» **DATASET CONTENT**:

# # # # #

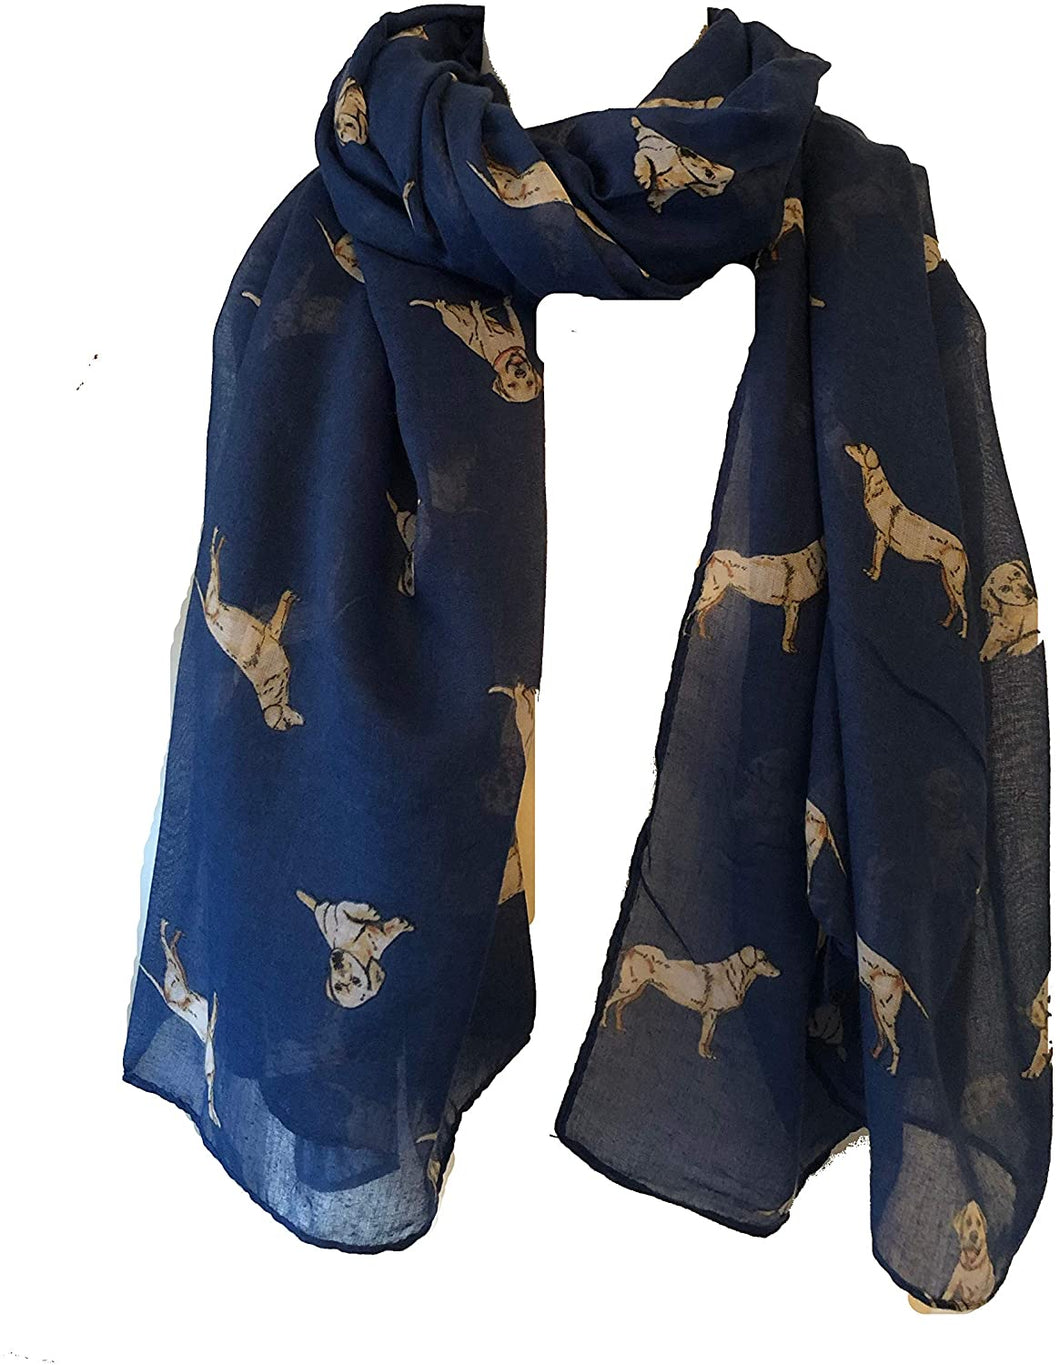 Golden Labrador Retriever ladies dog long scarf/wrap. Great for presents/gifts for retriever dog lovers.
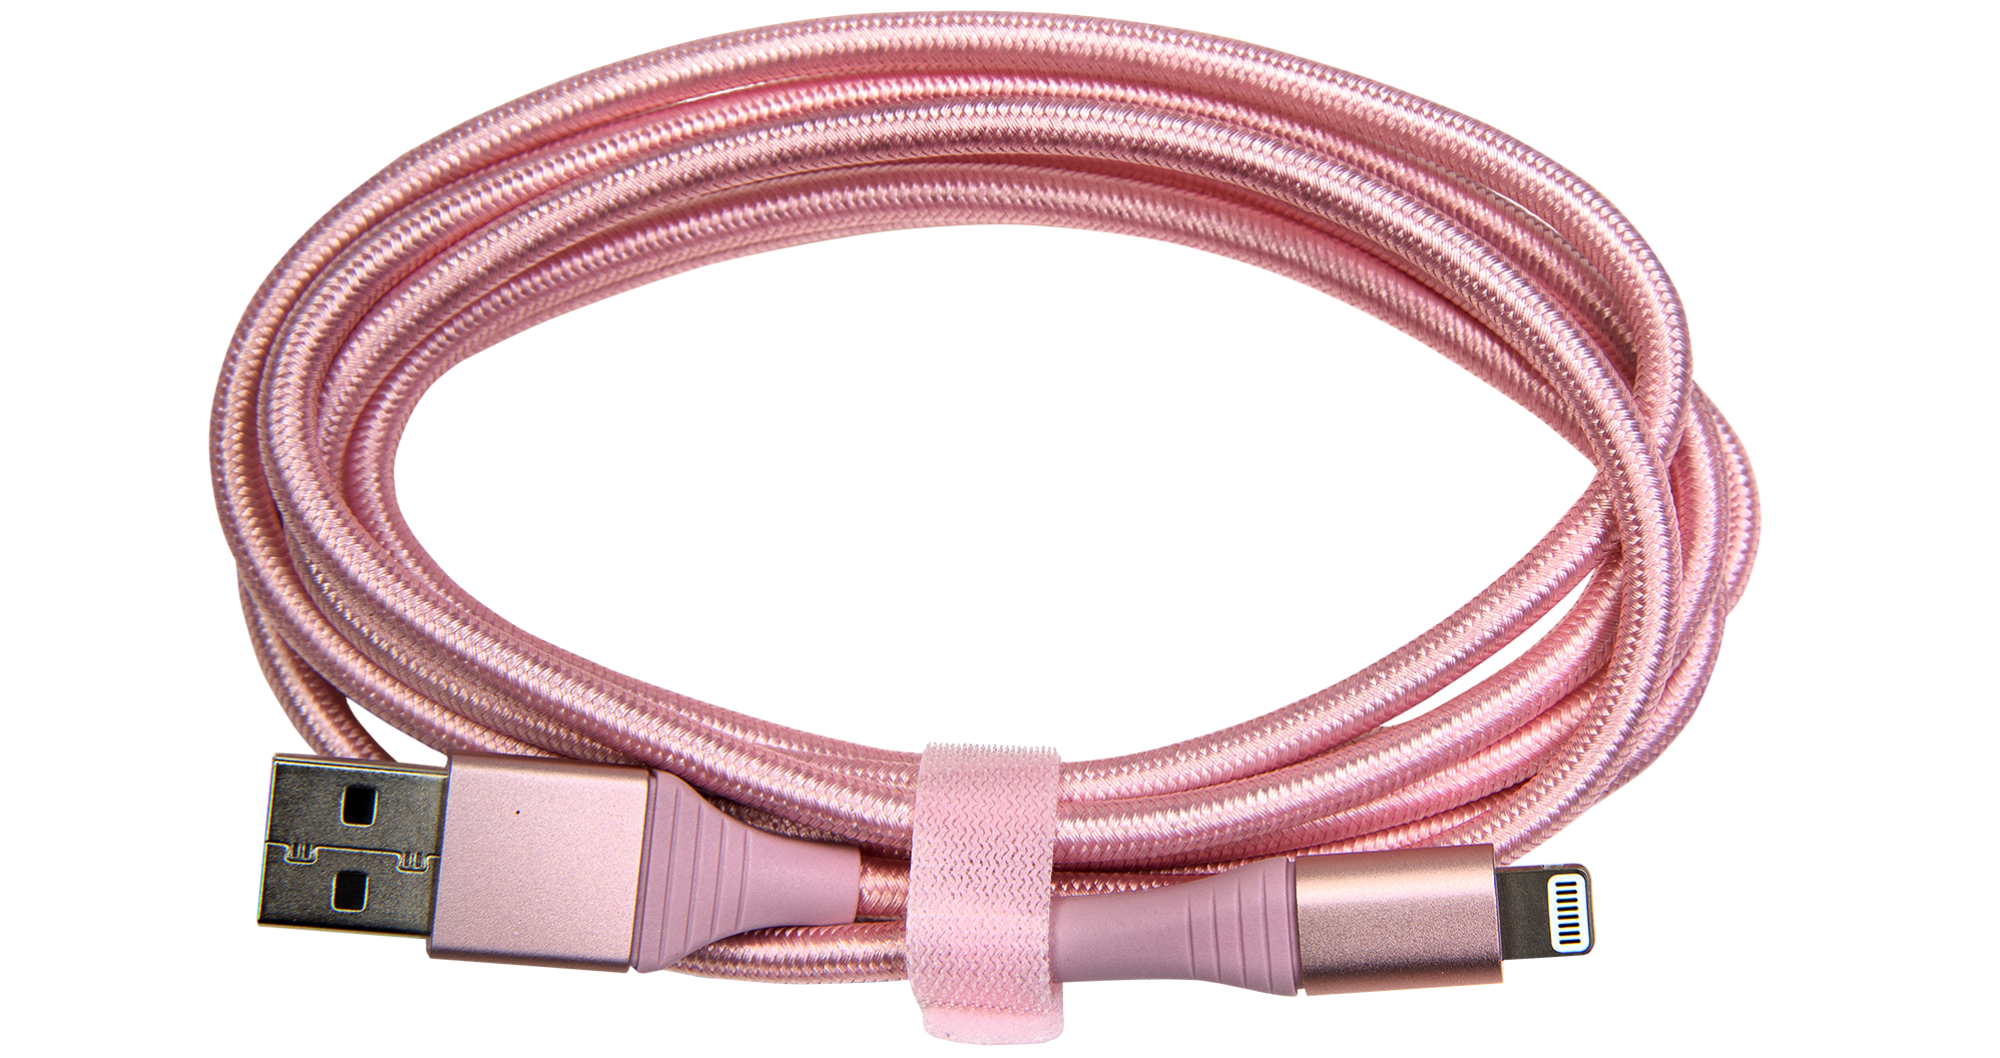 Amazon Basics 6-foot lightning charging cable in pink
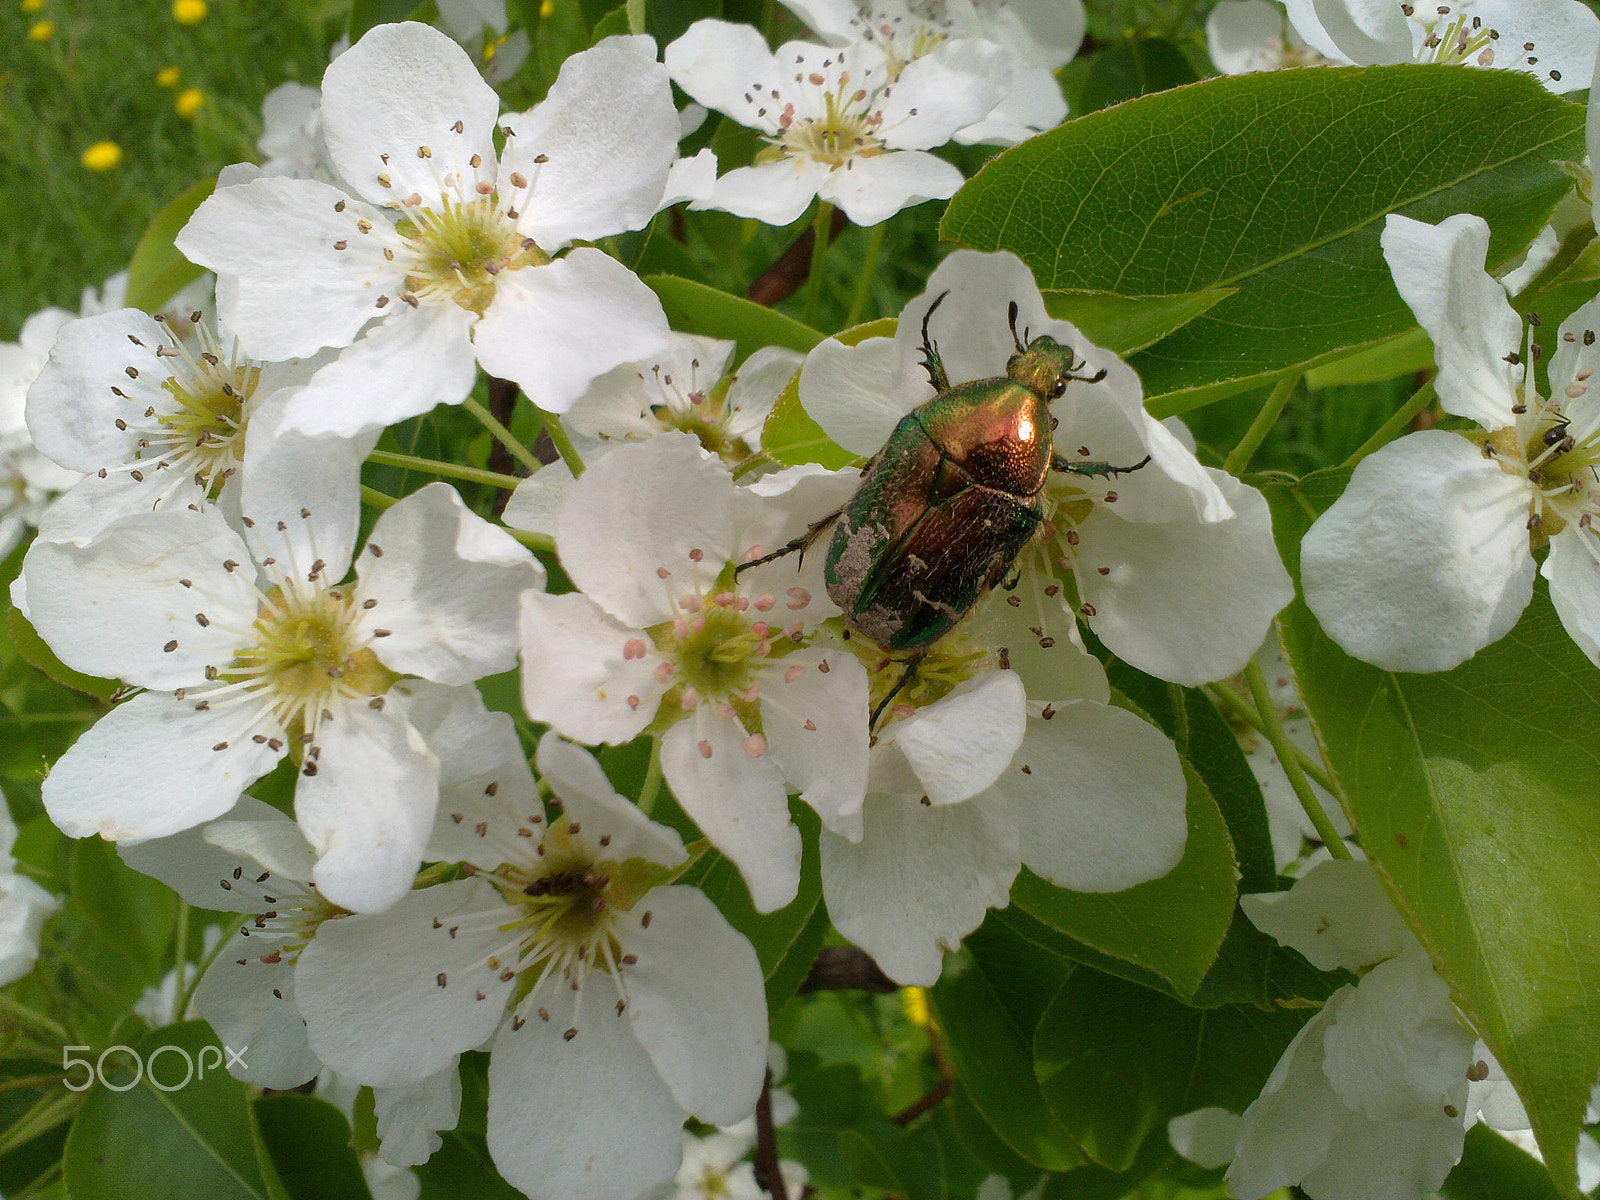 Nokia N86 8MP sample photo. Beetle among beautiful flowers and leaves photography

# # # # #

» **ABOUT THIS TASK**: Quote the material above exactly, from the line holding "Amazon Basics 6-foot" through its last line, including both. Omit the pictures.

» **OUTPUT OF THE TASK**:
 Amazon Basics 6-foot lightning charging cable in pink
 Nokia N86 8MP sample photo. Beetle among beautiful flowers and leaves photography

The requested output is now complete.